Lin Shuo no sabía si reír o llorar. “No te mataremos. Ya hemos creado un lugar donde pueden vivir los sobrevivientes. Puedes ir al pueblo a vivir allí. Luego iremos a cazar caballos salvajes. Te llevaré de vuelta, siempre y cuando seas obediente.” Lin Shuo planeaba llevar a Lawrence ante Profesor Fengguo para que formaran un grupo de investigación para ancianos, con el objetivo de ver hasta dónde podían llevar la tecnología en Luanshi Cun.
Después de estar encerrado durante medio año, Lawrence ya no tenía ánimos. “No necesitan enviar a nadie a llevarme de vuelta. Iré con ustedes.”
La noche se hacía más profunda. Lawrence era un anciano y no dejaba de bostezar; su rostro mostraba signos evidentes de cansancio.
Lin Shuo, al ver su cuerpo delgado, preguntó preocupado: “¿Podrás hacerlo?”
Lin Shuo dividió al grupo en tres equipos para que se turnaran en la vigilancia nocturna.
Lawrence se levantó y mostró su complexión. “Oye, joven, ¿cómo puedes hablar así? Después de todo, yo también fui un piloto de élite. ¿Cómo podrían estas pequeñas dificultades detenerme?” Pasó toda la noche sin hablar…
Por la mañana, un grupo de pájaros se posó en el suelo del campo de caña de azúcar, sacando gusanos blancos y gordos de las raíces restantes. Claro, si no hubiera tenido experiencia militar anteriormente, la vida inhumana de esos seis meses lo habría vuelto loco.

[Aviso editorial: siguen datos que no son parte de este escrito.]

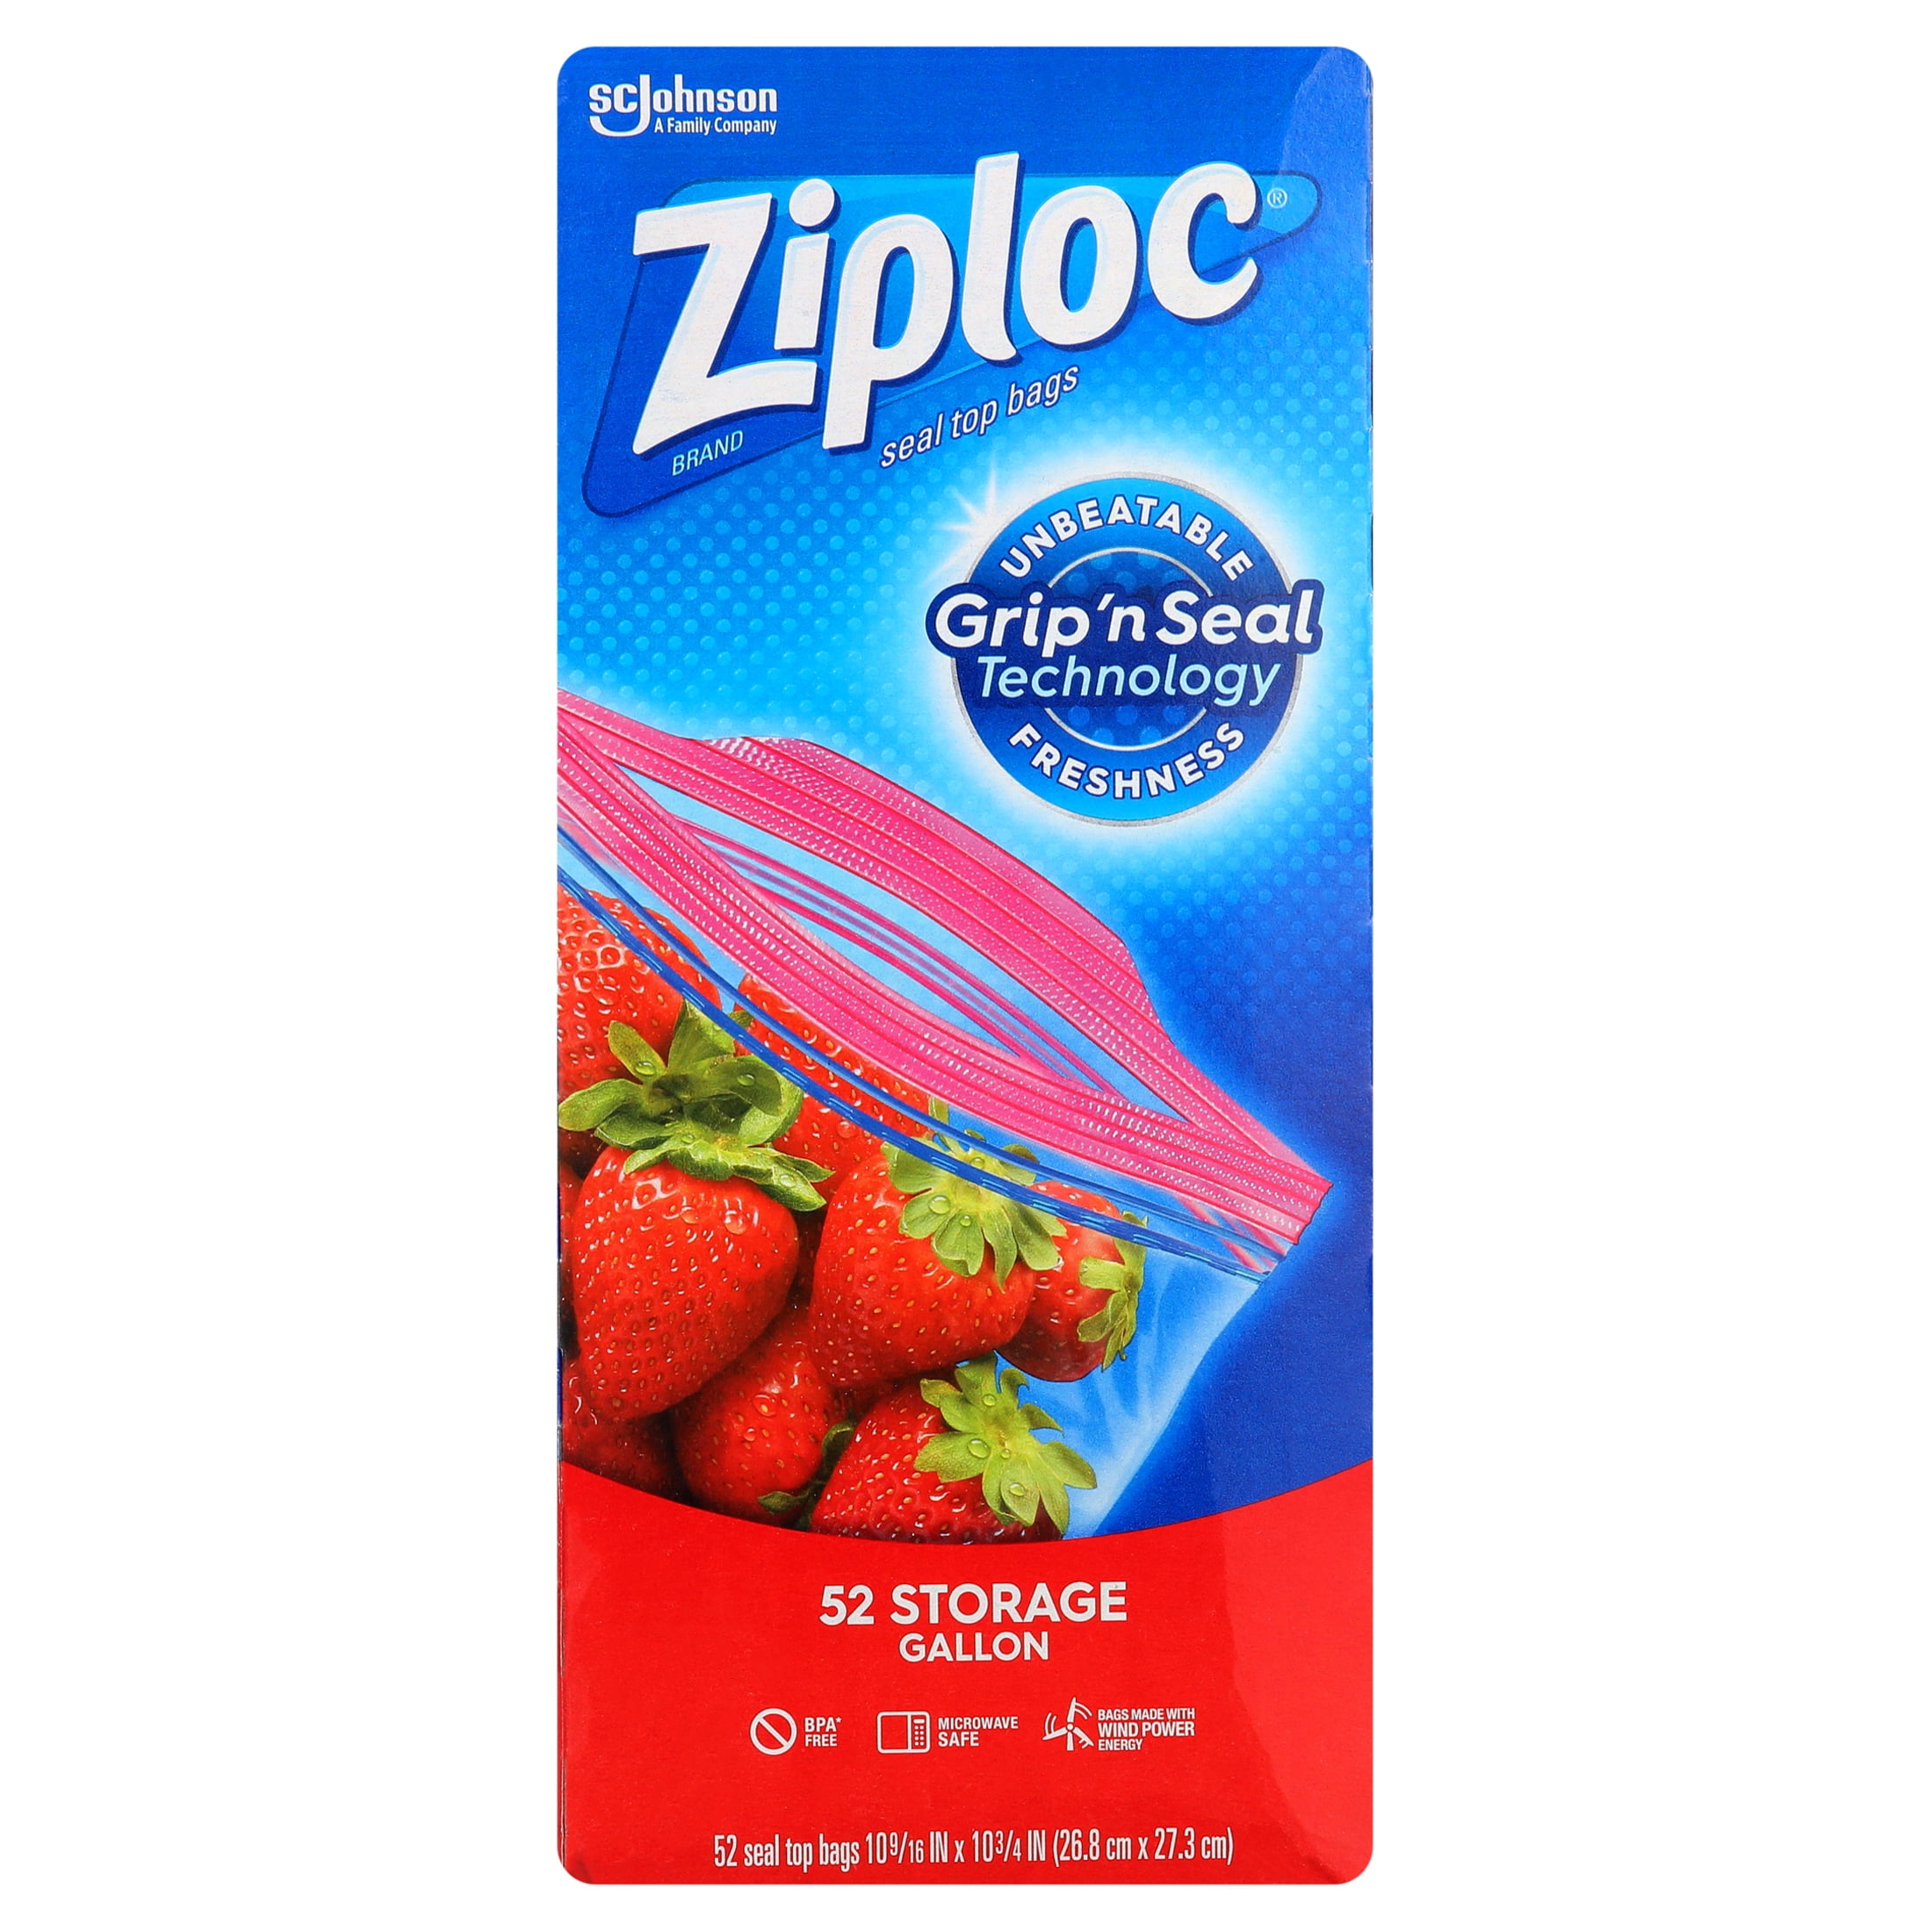 Ziploc Freezer Food Bags Variety Pack 347 Bags Zip Seal

Después de descansar toda la noche, el cansancio no disminuyó, sino que aumentó. Lin Shuo dijo: “Está bien, vayamos juntos.”
No había sol en el cielo; algunas nubes oscuras cubrían la luz del sol. En el horizonte, se acumulaban nubes oscuras que se acercaban lentamente a la isla. Ya que Carlos no volvería, Lin Shuo abandonó la idea de quemar todo el campamento.
Podrían usar este lugar como punto de parada temporal.
De vez en cuando, relámpagos plateados iluminaban las nubes oscuras, y pasaba mucho tiempo antes de que se escucharan los truenos.
Cuando Lin Shuo y Lawrence regresaron al campamento junto al mar, ya eran más de las tres de la tarde. Ye Rui y los demás estaban muy preocupados, discutiendo si debían ir a buscar a Lin Shuo. Lin Shuo estaba en el claro, mirando el cielo oscuro, con una expresión preocupada. Suspiró y dijo: “Va a llover.”
Mientras discutían, Lin Shuo regresó.
Ye Rui suspiró aliviada. “Finalmente has vuelto. Ya pensaba en ir a buscarte.”
Su mirada se posó en Lawrence, con expresión confusa. Después de pensar unos segundos, señaló a Lawrence y preguntó: “¿Eres el piloto?”
Lawrence sonrió. “Lo fui.”
Li Meng preguntó con sorpresa: “¿Lo conoces?”
Ye Rui dijo: “Vi su información entre la tripulación. Lin Shuo, ¿dónde lo encontraste?”
Lin Shuo contó cómo había encontrado a Lawrence.
Wang Xin exclamó: “La resistencia mental del piloto es realmente excepcional. Si fuera yo, seguramente me habría suicidado ya.”
Los demás asintieron en acuerdo.
Lin Shuo miró el cielo y preguntó: “¿Ya han comido?”
Todos respondieron: “Sí, ya comimos.”
Lin Shuo dijo: “Todavía es temprano. Vayamos al campo de caña de azúcar primero. Allí todavía hay refugios sin demoler. Pasaremos la noche allí. Todos deben tener paciencia y acelerar el paso para llegar antes de que oscurezca.”
Durante las siguientes cinco horas, todos siguieron caminando sin parar.
Lin Shuo pensó que el cuerpo de Lawrence no resistiría, pero aparte de tomar algo de comida y agua durante los descansos, no se detuvo en ningún momento. Eso hizo que Lin Shuo lo viera con otros ojos.
Pasadas las ocho de la noche, llegaron al campo de caña de azúcar.
Para entonces, el sol ya se había puesto y en el horizonte aparecía un tono rojizo oscuro. Con la brisa marina, la temperatura del aire bajaba rápidamente.
Todos se apresuraron a encender un fuego. Alrededor del fuego, finalmente sintieron calor en sus cuerpos.
Era la primera vez que tenían contacto con un piloto, así que todos se convirtieron en niños curiosos, haciendo preguntas a Lawrence sobre todo tipo de cosas.
De repente, Lin Xiaopang preguntó: “Escuché que había hermosas azafatas en el avión. ¿Por qué no las vi?”
Lin Xiaopang no preguntó eso por motivos inapropiados; su inteligencia aún no le permitía pensar en cosas relacionadas con hombres y mujeres. Era simplemente curiosidad.